Роберт смиренно склонил голову.
– Ты не отречешься? – не выдержал Эдвард, нарушив мрачную торжественность происходящего. – Питер Мейсон, прошу тебя, отрекись! Отрекись на словах, сохрани истинную веру в сердце!
В голосе Шокли звучала неизбывная мука, будто это ему, а не Питеру Мейсону грозила страшная смерть на костре.
Роберт смущенно отвел глаза.
– Каждый поступает по велению совести, – невозмутимо изрекла Абигайль.
Питер Мейсон посмотрел на жену пристальным, понимающим взглядом и со вздохом произнес:
– И я тоже.
По странной случайности Нелли Уилсон с мужем приехали в Солсбери в день казни Питера Мейсона. Поначалу Нелли хотела письмом предупредить брата о приезде, но потом решила его удивить и явиться неожиданно. Ясным осенним утром карета Уилсонов катила по наезженной дороге, Нелли пребывала в прекрасном расположении духа, предвкушая встречу с Пирсом, как вдруг удивленно заметила, что в Фишертон устремилась толпа.

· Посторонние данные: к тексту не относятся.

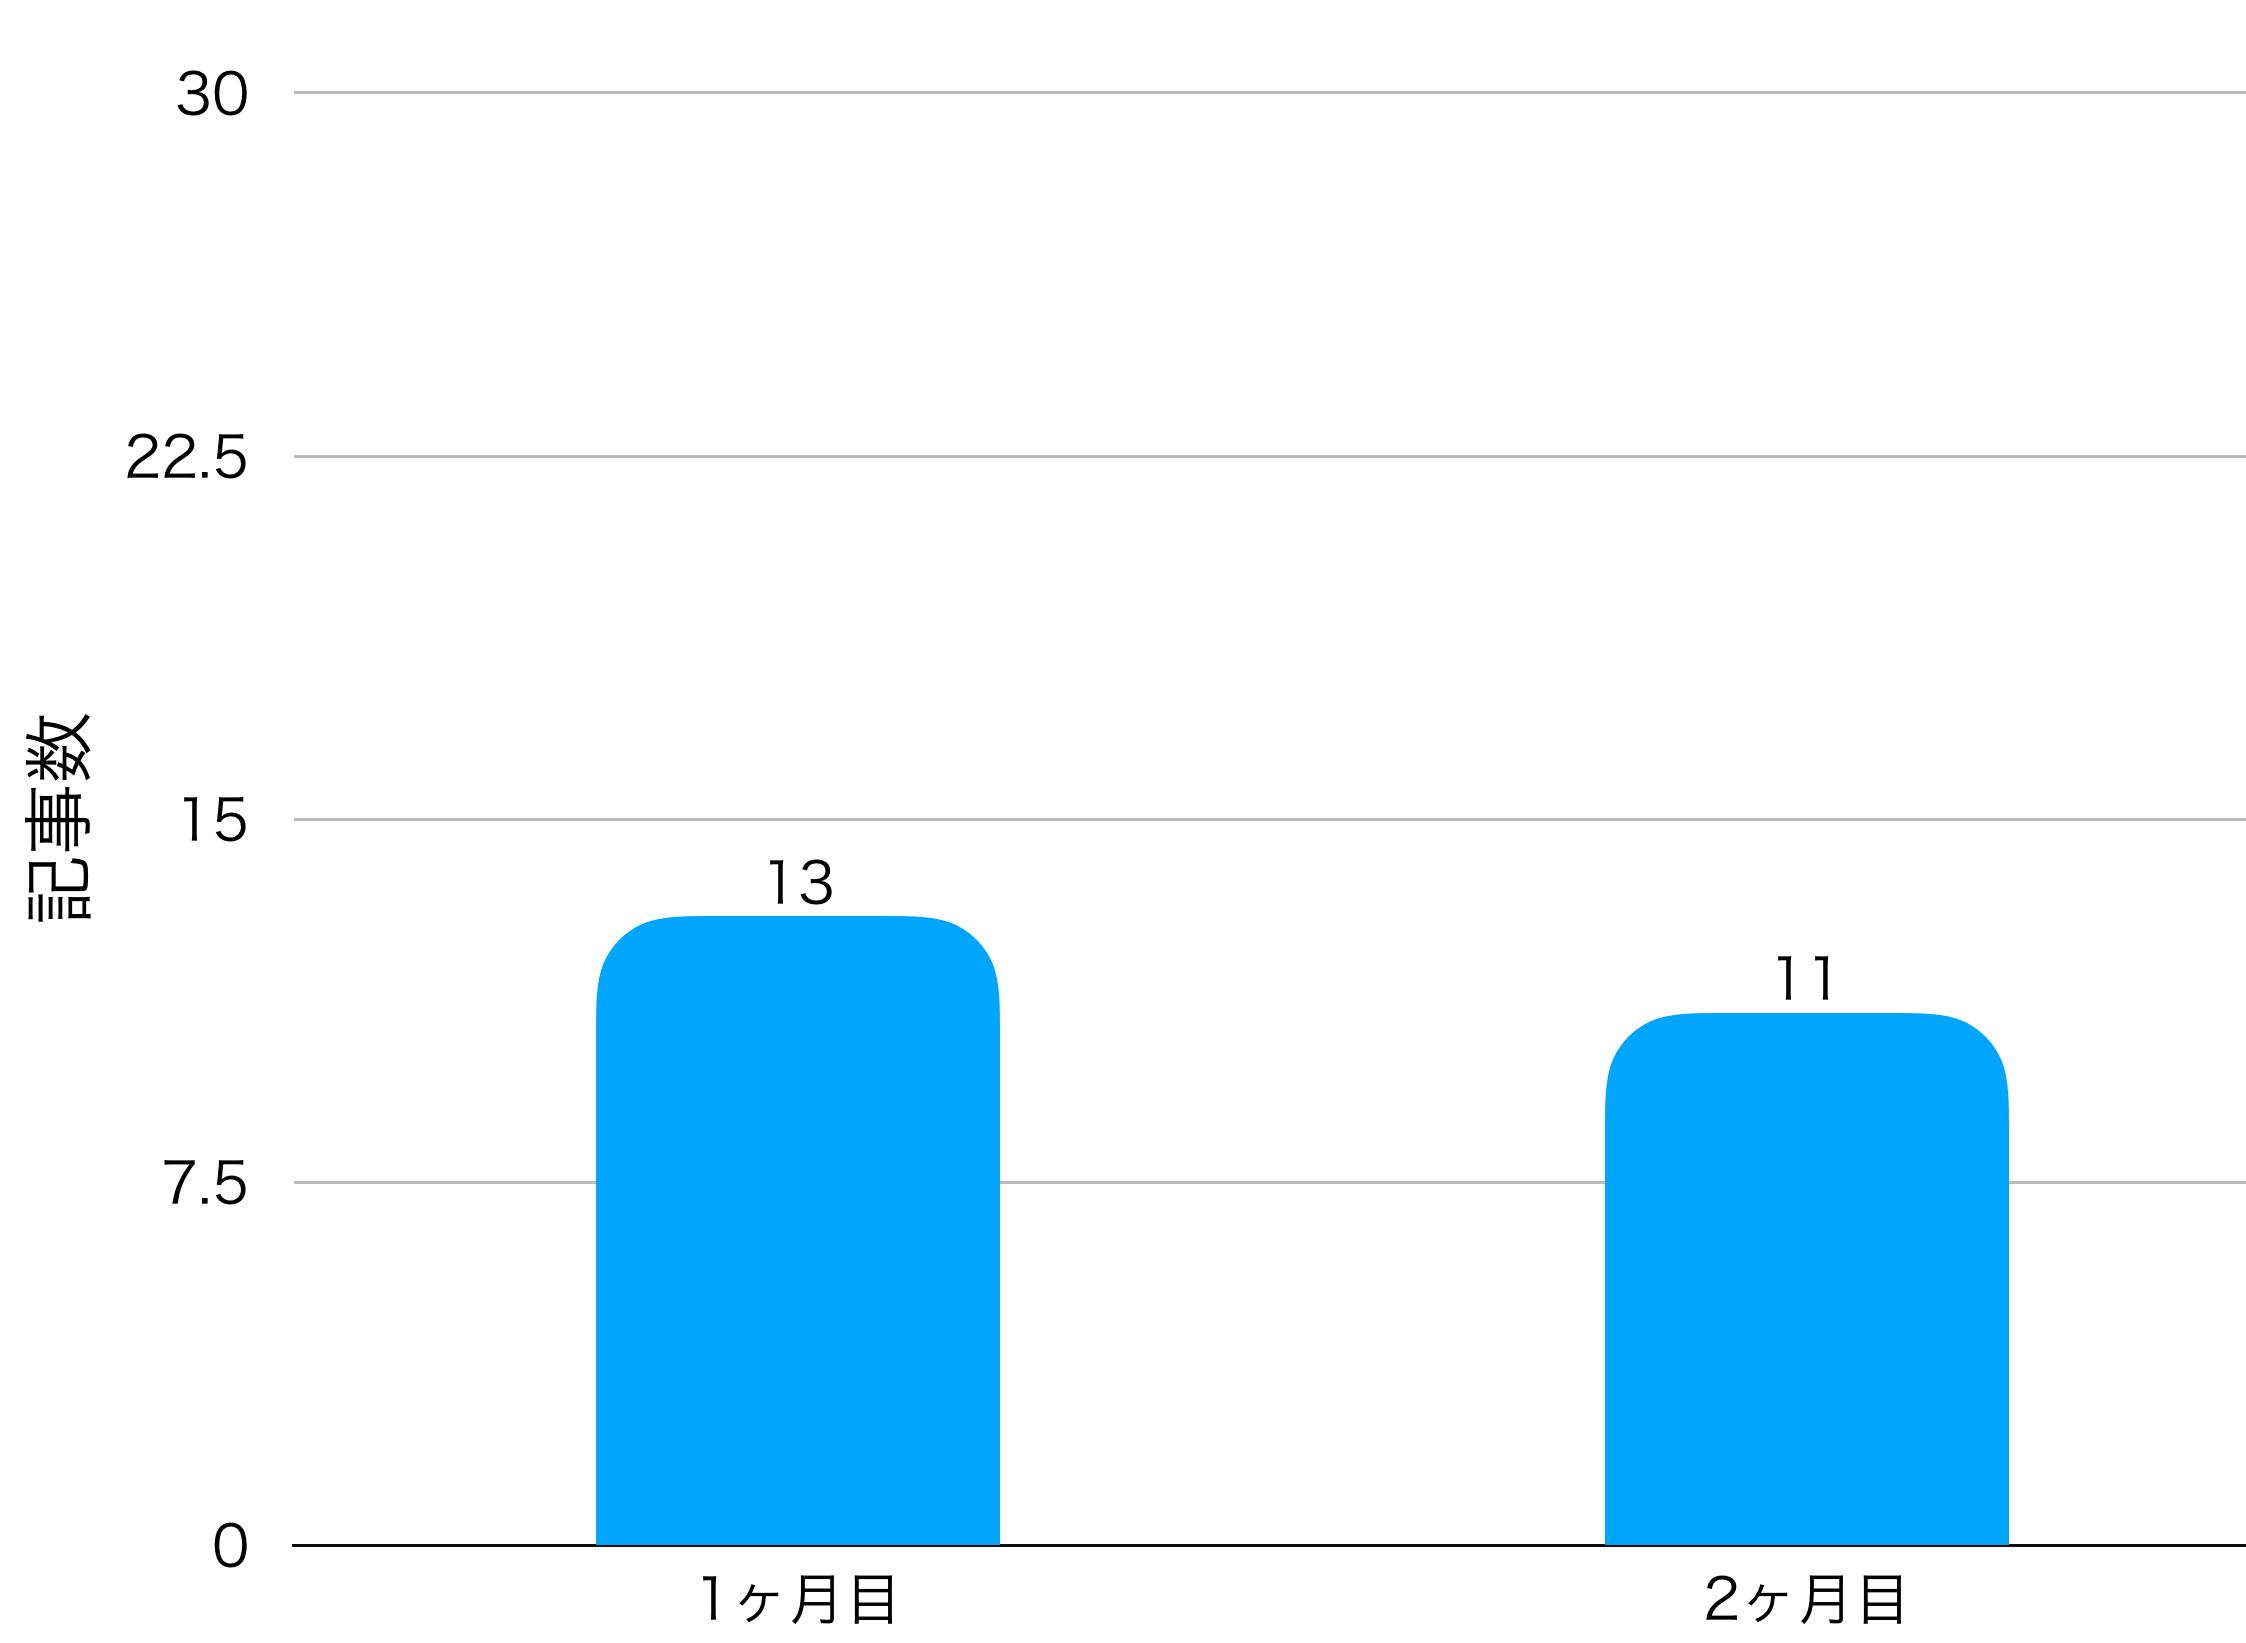 2ヶ月目の記事数の画像

Сообразив, что происходит, Нелли велела кучеру повернуть.
Посреди Фишертонского пастбища, окруженный вязанками дров и хвороста, стоял Питер Мейсон, привязанный к столбу. Помощники шерифа поднесли к дровам зажженные факелы.
Нелли сразу поняла, что Питеру уготована сравнительно легкая смерть, – вязанки дров переложили мокрой палой листвой, чтобы мученик быстро задохнулся в клубах едкого дыма, а не жарился в безжалостных языках пламени. К Питеру приблизился старый каноник, в последний раз предложил ему отречься, но Питер неотрывно смотрел на Абигайль, неподвижно стоявшую рядом с Робертом.